The classical “rule of three”, in drinking water treatment, coagulant–dosage–pH value, becomes significantly more complicated when the processed raw water exhibits low temperatures:

• Coagulant:
  The classical metal-based coagulants (containing Al, Fe) exhibit completely different behaviour, not only in comparison between, e.g., Al (worse efficiency and health risks) and Fe, but also between the coagulants based on the same metal component (worse performance of aluminium sulphate in comparison with polyaluminium chloride).
• Dosage:
  Lower temperatures decrease solubility, and the rate of hydrolysis. An increased dosage results in an increase in sludge and, hence, poses the possible health risks (Al).
• pH value:
  Based on literature sources, fixing an optimised value achieved at a specific value of temperature fails in reaching optimised efficiency at a different temperature. A first approximation of the corresponding pH value should be recalculated from the self-ionisation constant of water K_w (its negative common logarithm), and by fixing the value of pOH.

The fractal dimension appears to be the most appropriate parameter for characterising the looseness or compactness of formed flocs. Its determination has a direct connection to the object’s complexity, regardless of any interpretation based on porosity or irregularity (the highest FD values, 2 for 2D and 3 for 3D, are attained by the simplest geometrical objects: a circle and a sphere, respectively).

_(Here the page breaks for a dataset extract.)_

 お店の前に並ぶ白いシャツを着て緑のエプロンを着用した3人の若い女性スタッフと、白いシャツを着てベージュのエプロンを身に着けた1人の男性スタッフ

The measure of compactness has different implications at higher and lower temperatures, which is linked to floc size. Higher compactness at higher temperatures usually indicates good settlement, as the formed flocs are relatively voluminous, and even a phase of breakage does not violate this tendency. The situation at lower temperatures is different; a relatively high floc compactness can still be accompanied by a relatively small size of formed aggregates. Combined with floc breakage, this scenario can suppress or delay the tendency toward sedimentation.

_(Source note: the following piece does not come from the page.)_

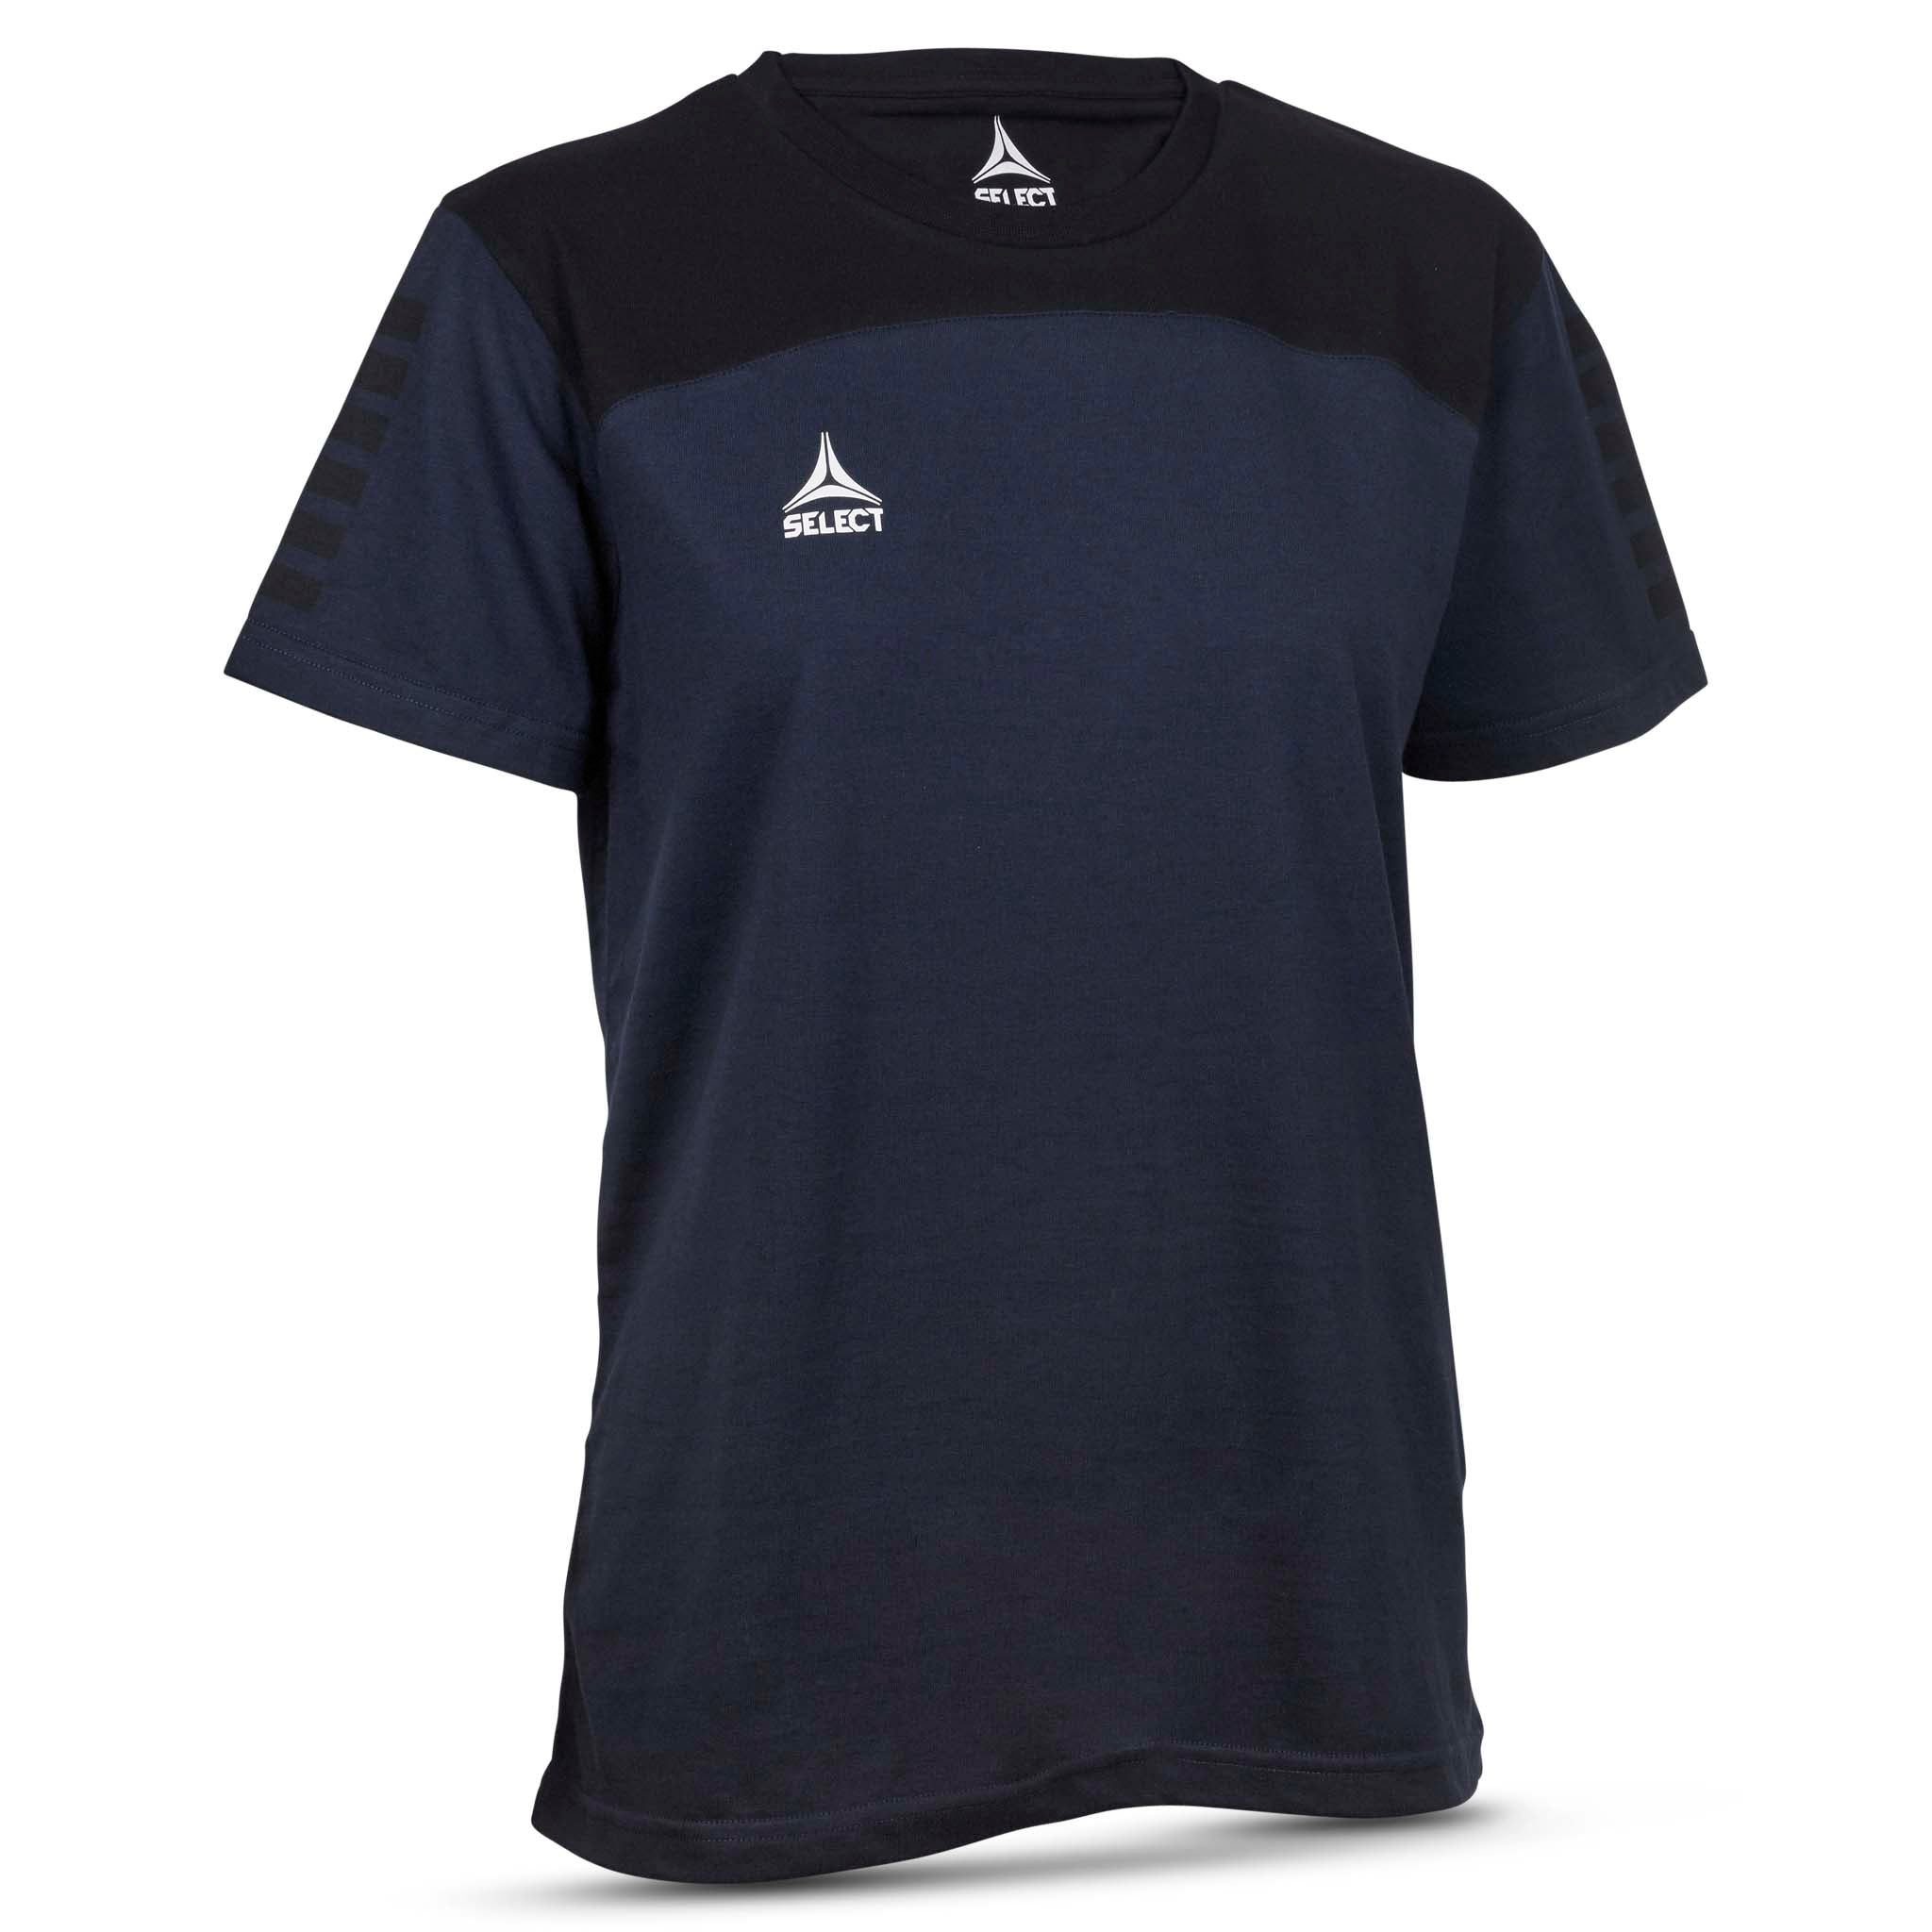 Oxford T-Shirt - Kvinder #farve_marine blå/sort

Enhancing the coagulation rate by increasing the coagulant dosage creates problems concerning the amount of deposited sludge. When Al-based coagulants are used, they also amplify health risks.

On the other hand, DWT at low temperatures is usually free of the seasonal phenomena seen at common temperatures, such as the occurrence of algal organic matter (AOM). However, the occurrence of other unwanted components, such as diatoms, is gradually increasing even at low temperatures in recent times.

5. Conclusions

The literature devoted to drinking water treatment at low temperatures is relatively scarce. The choice of coagulants applied at these temperatures is also limited, as the transportation of a series of newly tested biodegradable agents based on natural sources is expensive, and their efficiency under these conditions is rather unclear. Naturally, the focus on the coagulant–dosage–pH relationship should be significantly concentrated on a proper determination of the pH value to ensure an optimal DWT process. However, the quality of the processed water is not the only parameter; the amount and potential harmfulness of the produced sludge must also be considered. A decrease in coagulant or flocculant efficiency that is compensated for by increased dosages leads to greater sludge volumes, which can have adverse environmental and health impacts.

All of these factors contribute to the comprehensive financial analysis, as the net prices of coagulants and flocculants represent only one component of the final calculations. Health risks, environmental quality, transport distances, increased dosages necessitated by low temperatures, and other site-specific factors related to individual drinking water treatment (DWT) plants must also be taken into account. This context explains the increased attention given to the application of aluminium-based coagulants

The simple algebraic Relation (17), which adjusts the experimental pH value to its corresponding value at a specified temperature, represents an effective primary step for establishing the input parameters.

More accurate determination of floc looseness/compactness through the fractal dimension is influenced by the capabilities of the individual fractal determination methods (e.g., issues with 2D projections versus the challenge of undisturbed floc morphology in 3D).